Assigned task: When you restate the data, keep every word as it is and drop the images.

Source data:
>>>

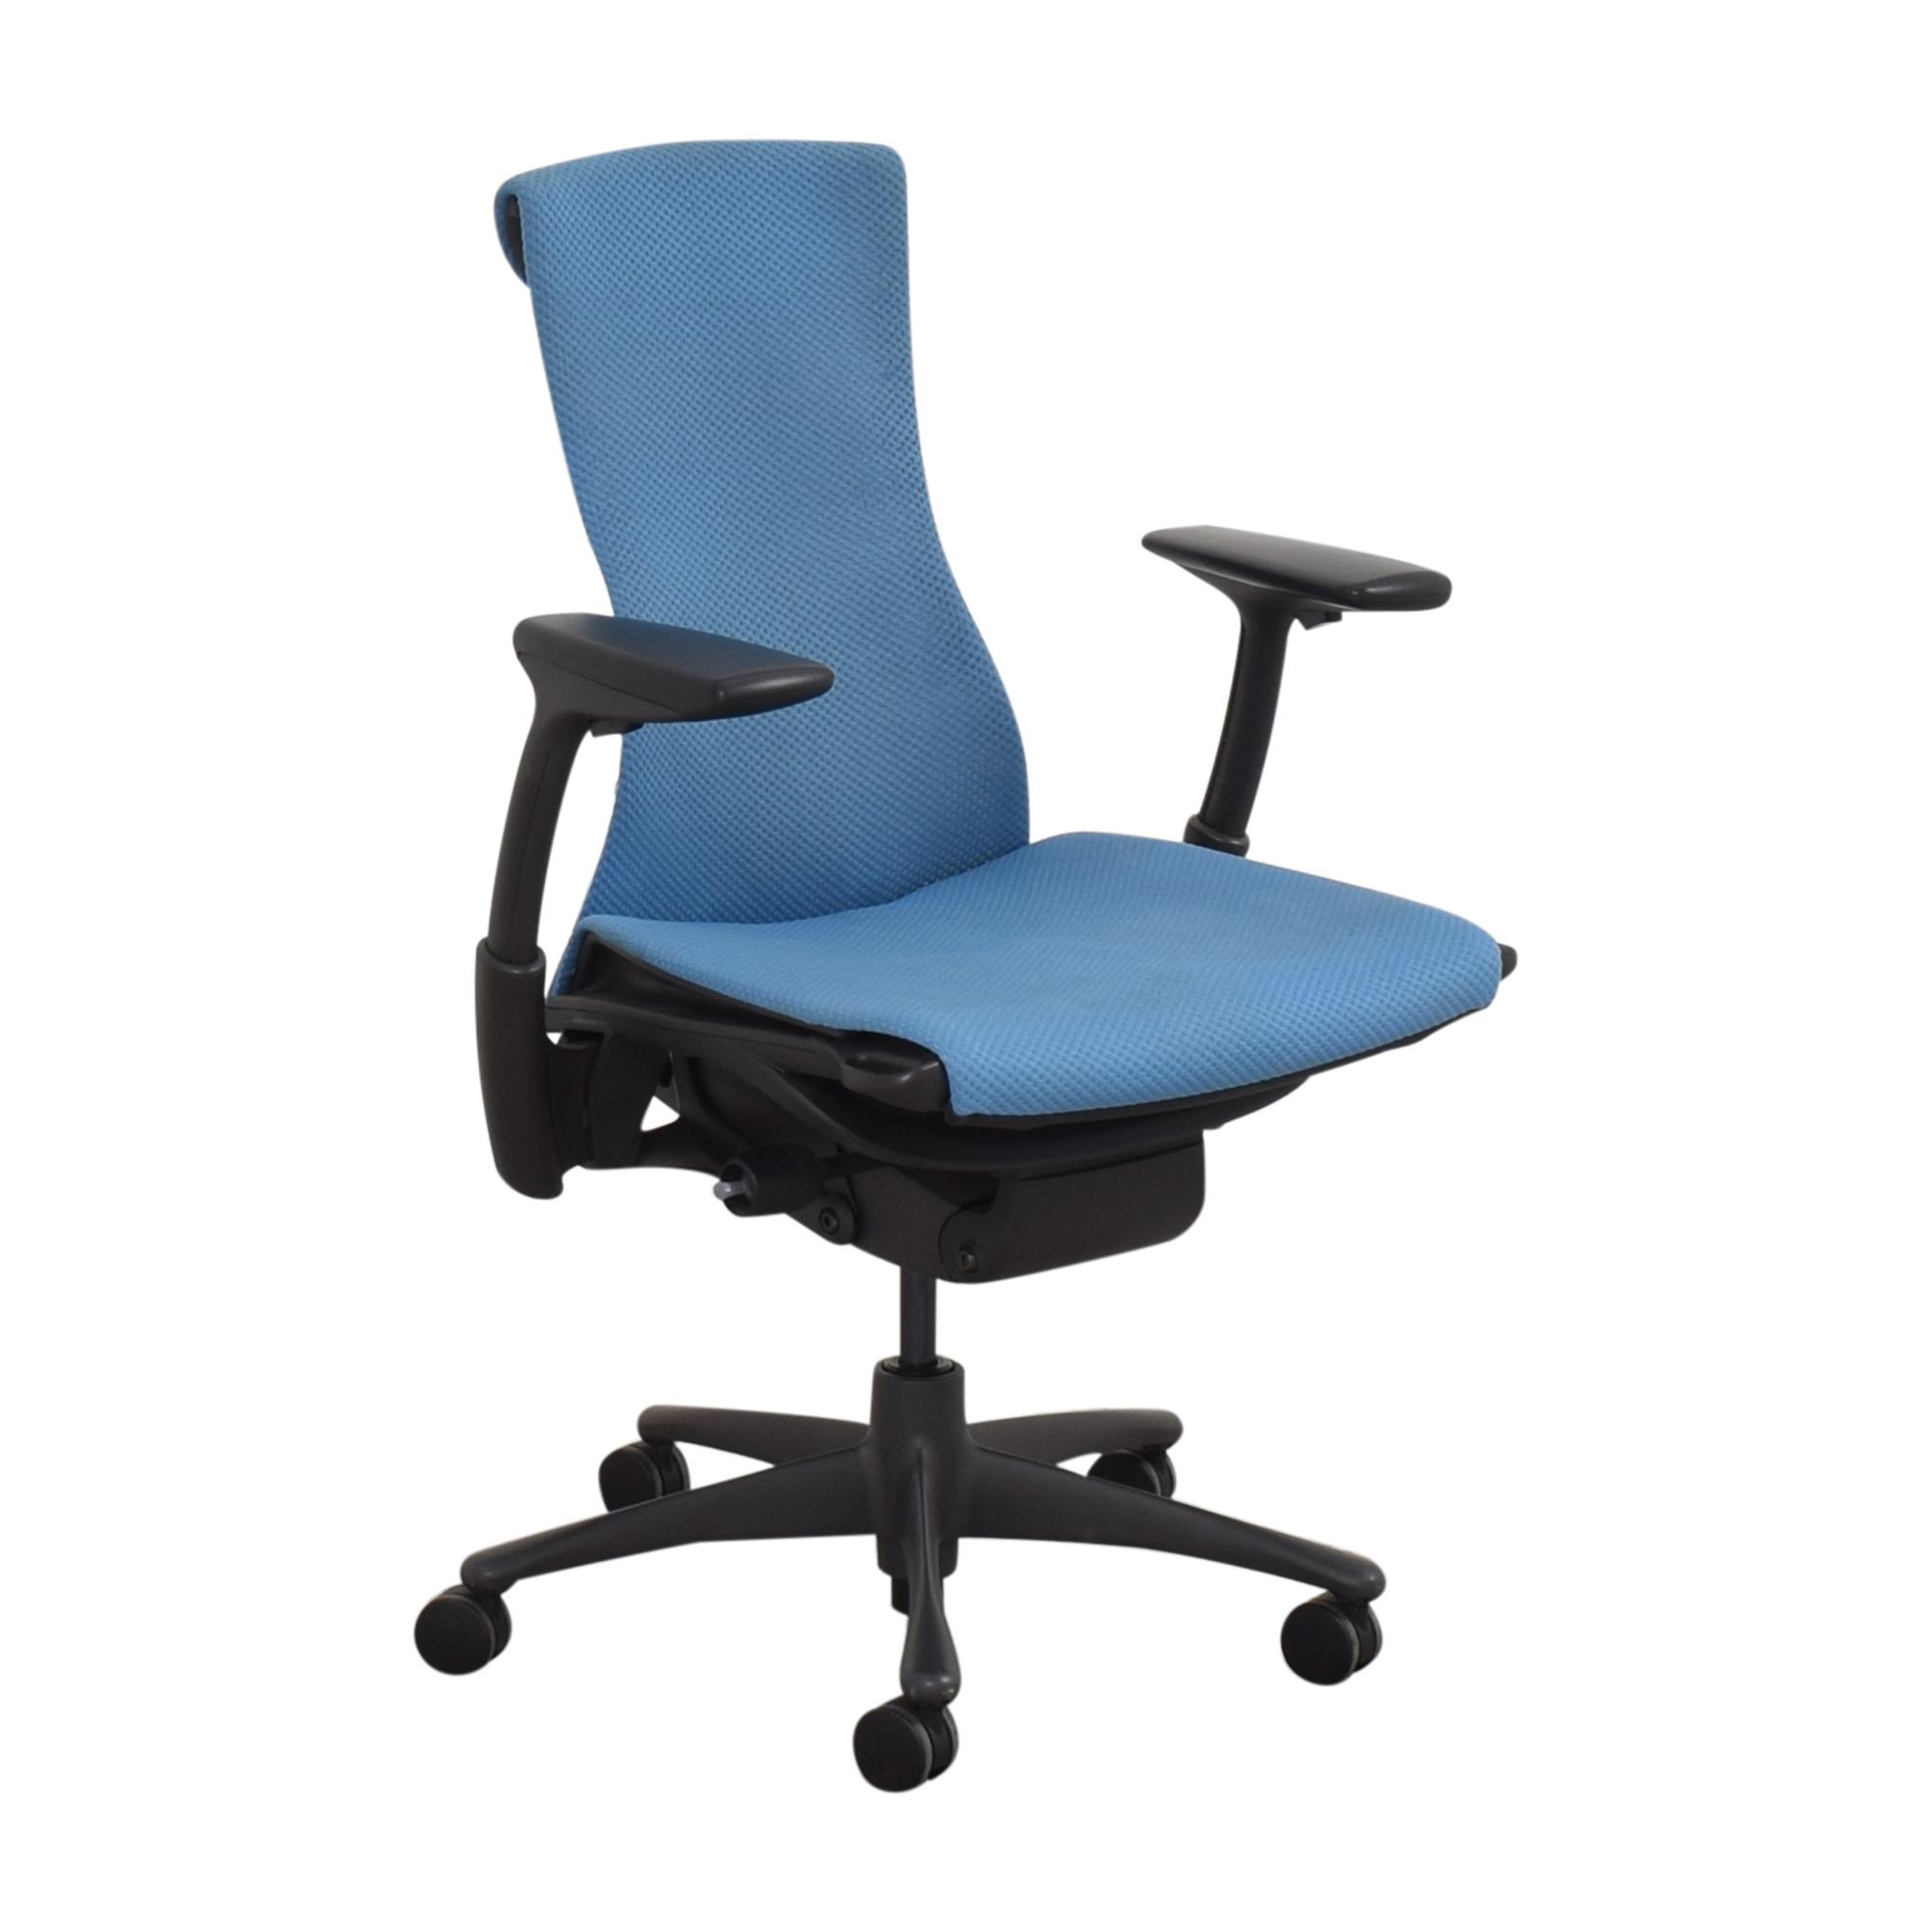 Herman Miller Herman Miller Embody Chair second hand
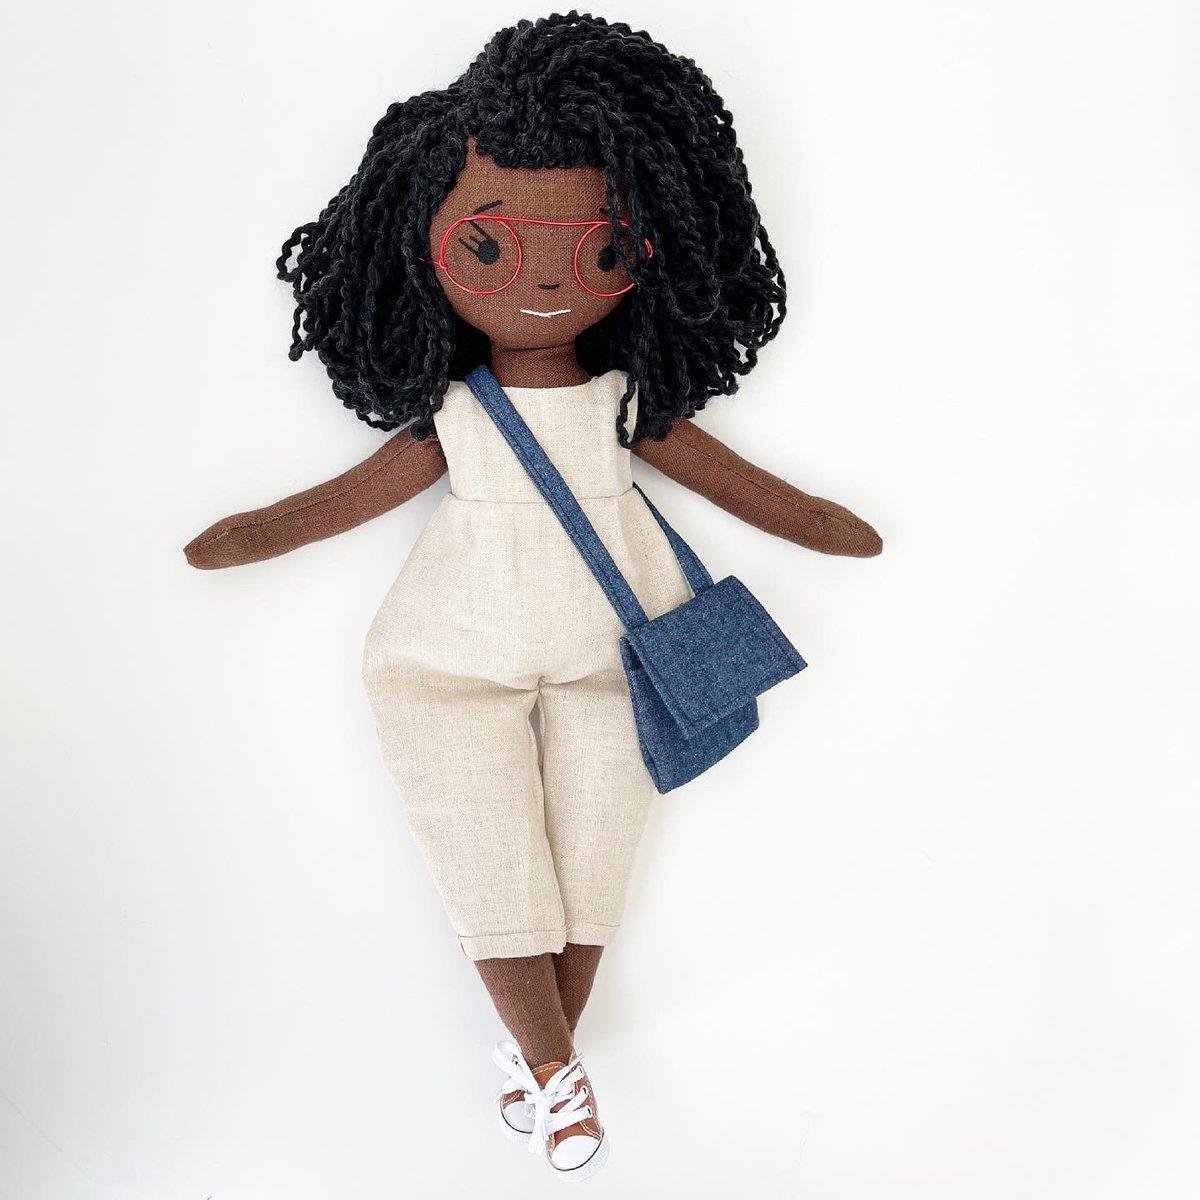 Back to School Brenn Handmade Linen Doll (Waitlist Preorder Item - ship date Oct 1-Mar 30,2022)
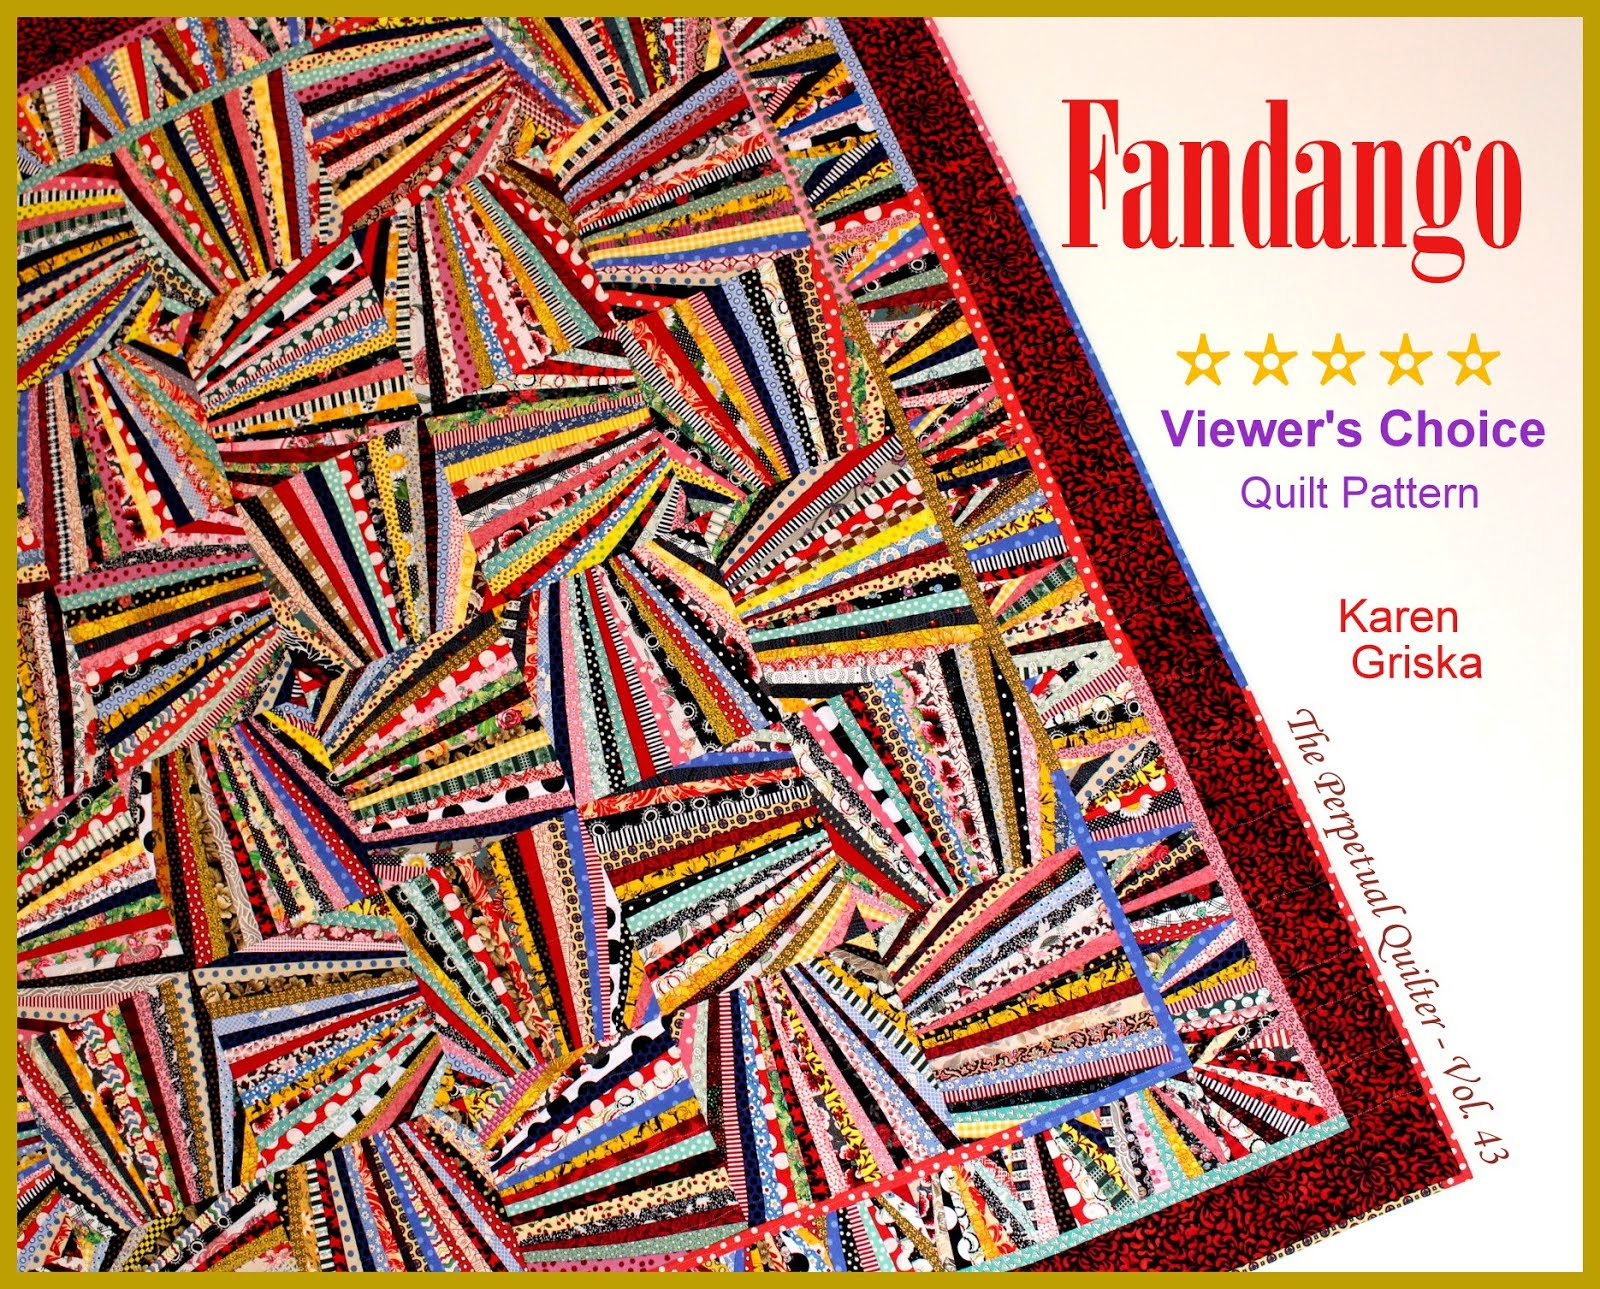 New Fandango Quilt Pattern!
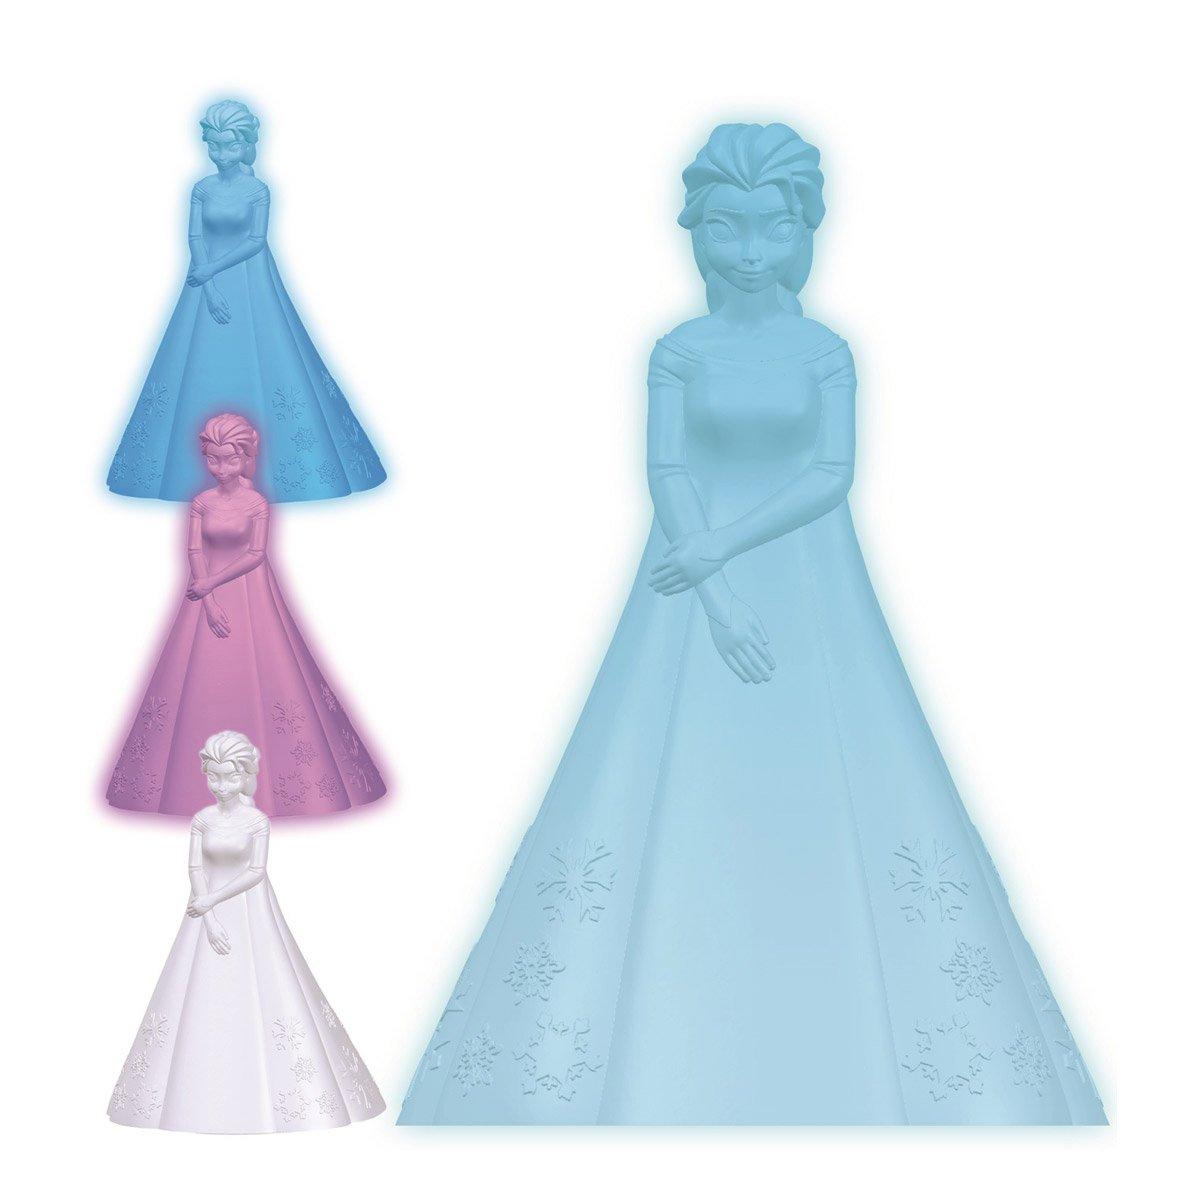 Lexibook - 3D design Frozen Elsa colour change night light approx. 20cm (NLJ110FZ)

<<<

Exercise solution:
 Herman Miller Herman Miller Embody Chair second hand
 Back to School Brenn Handmade Linen Doll (Waitlist Preorder Item - ship date Oct 1-Mar 30,2022)
 New Fandango Quilt Pattern!
 Lexibook - 3D design Frozen Elsa colour change night light approx. 20cm (NLJ110FZ)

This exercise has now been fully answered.